Настояв на том, чтобы старшая невестка У заночевала у госпожи Цяо, Юэнян откланялась и взошла в паланкин. Двое солдат шли перед паланкином с большими красными фонарями, его сопровождали двое слуг, тоже несших фонари. За паланкином Юэнян вытянулись гуськом носилки Ли Цзяоэр, потом Мэн Юйлоу, Пань Цзиньлянь и Ли Пинъэр. В отдельных носилках расположились Хуэйсю и кормилица Жуи с закутанным в красное шелковое одеяльце Гуаньгэ на руках. Чтобы младенец не простудился, в носилках топилась жаровня. Их сопровождали несколько слуг.
Когда жены прибыли из гостей, Симэнь Цин пил вино в покоях Юэнян. Они приветствовали хозяина сложенными руками, а служанки отвесили земные поклоны. Когда жены расселись, Юэнян рассказала Симэню о помолвке.
– А кто да кто пировал? – выслушав ее, спросил Симэнь.
– Жена ученого Шана, жена церемониймейстера Чжу, сватьюшка Цуй и две племянницы, – отвечала Юэнян.
– Помолвка – дело неплохое, – заметил Симэнь. – Только не чета нам теперь эти Цяо.

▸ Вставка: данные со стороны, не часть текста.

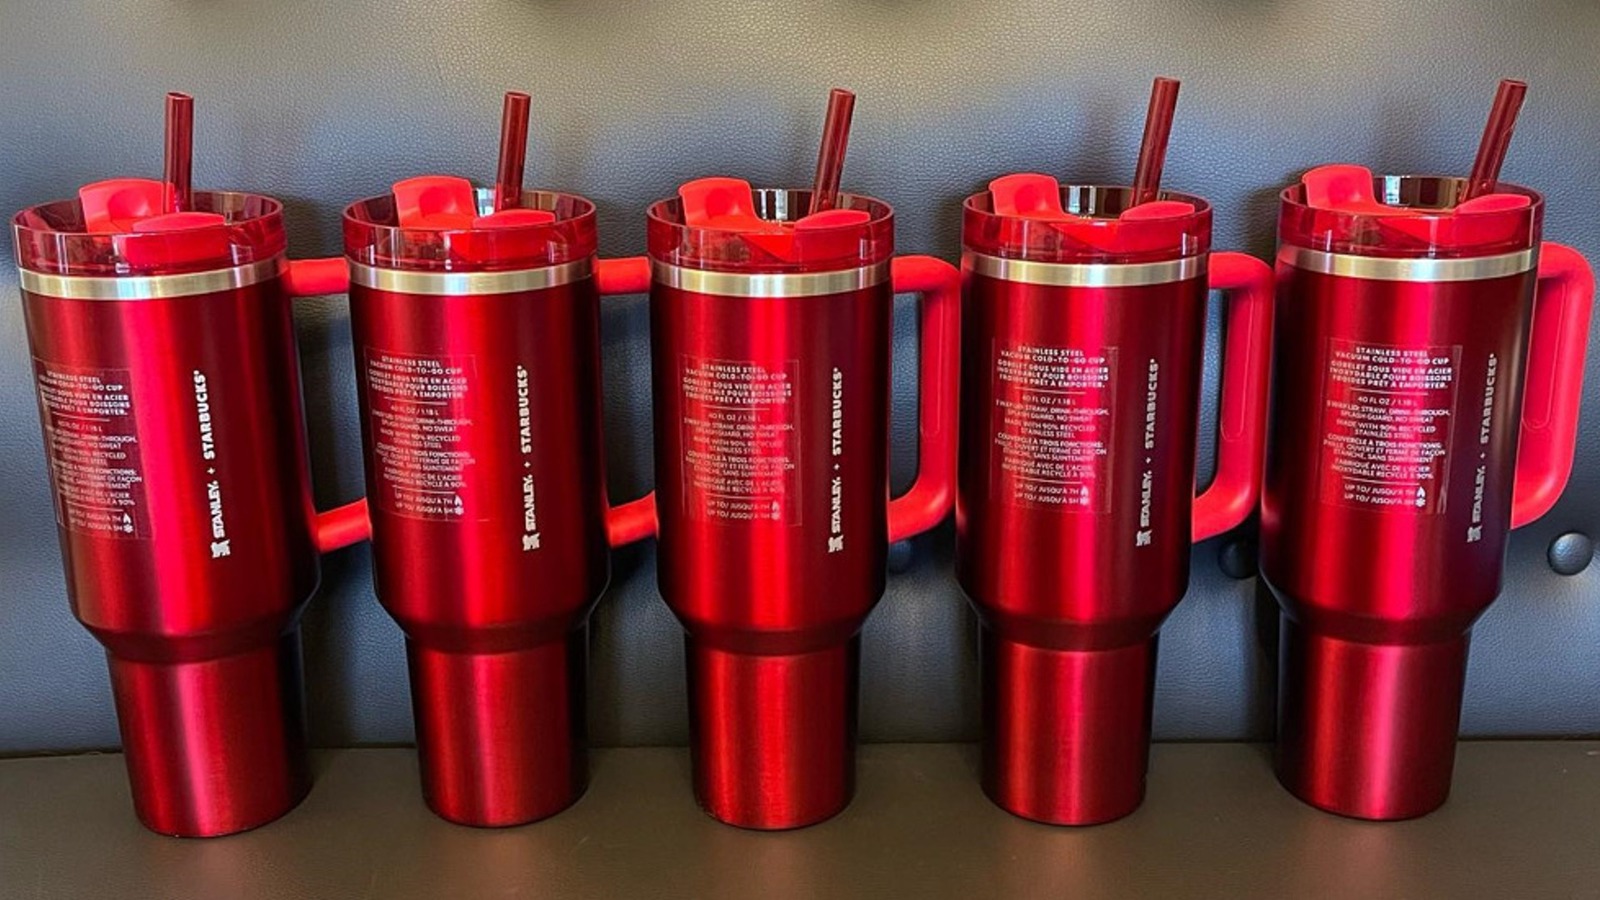 https://www.tastingtable.com/img/gallery/starbucks-cherry-red-stanley-cups-are-selling-fast-and-already-being-resold/l-intro-1699045796.jpg

– Это моя невестушка постаралась, – объясняла Юэнян. – Увидала, как их дочка с нашим Гуаньгэ под одним одеяльцем друг с дружкой играют, нас позвала. Чем, говорит, не пара. Потом за стол сели и не успели как следует обговорить. Так и состоялась помолвка. Тут я слугу-то и послала, чтоб тебе сказал и цветы с фруктами принес.
– Породнились так породнились, – продолжал Симэнь. – Только не больно они нам подходят, вот в чем дело. Цяо – человек богатый, я ничего не говорю. Но ведь он всего-навсего торговец, хотя и именитый, но простолюдин. А мы с вами теперь особы знатные… Я в управе служу. Ну, как он к нам явится в своем мужичьем рубище? Хорошо ли его принимать, когда кругом знать? Как я буду с ним рядом сидеть? На днях вон Цзин Наньцзян своего свата ко мне присылал. Тоже помолвки добивался. Дочка у него пяти месяцев, ровесница нашему Гуаньгэ. Но у нее мать умерла, да и была не первой женой. Я так и не дал согласия. А тут, извольте, уж и устроили…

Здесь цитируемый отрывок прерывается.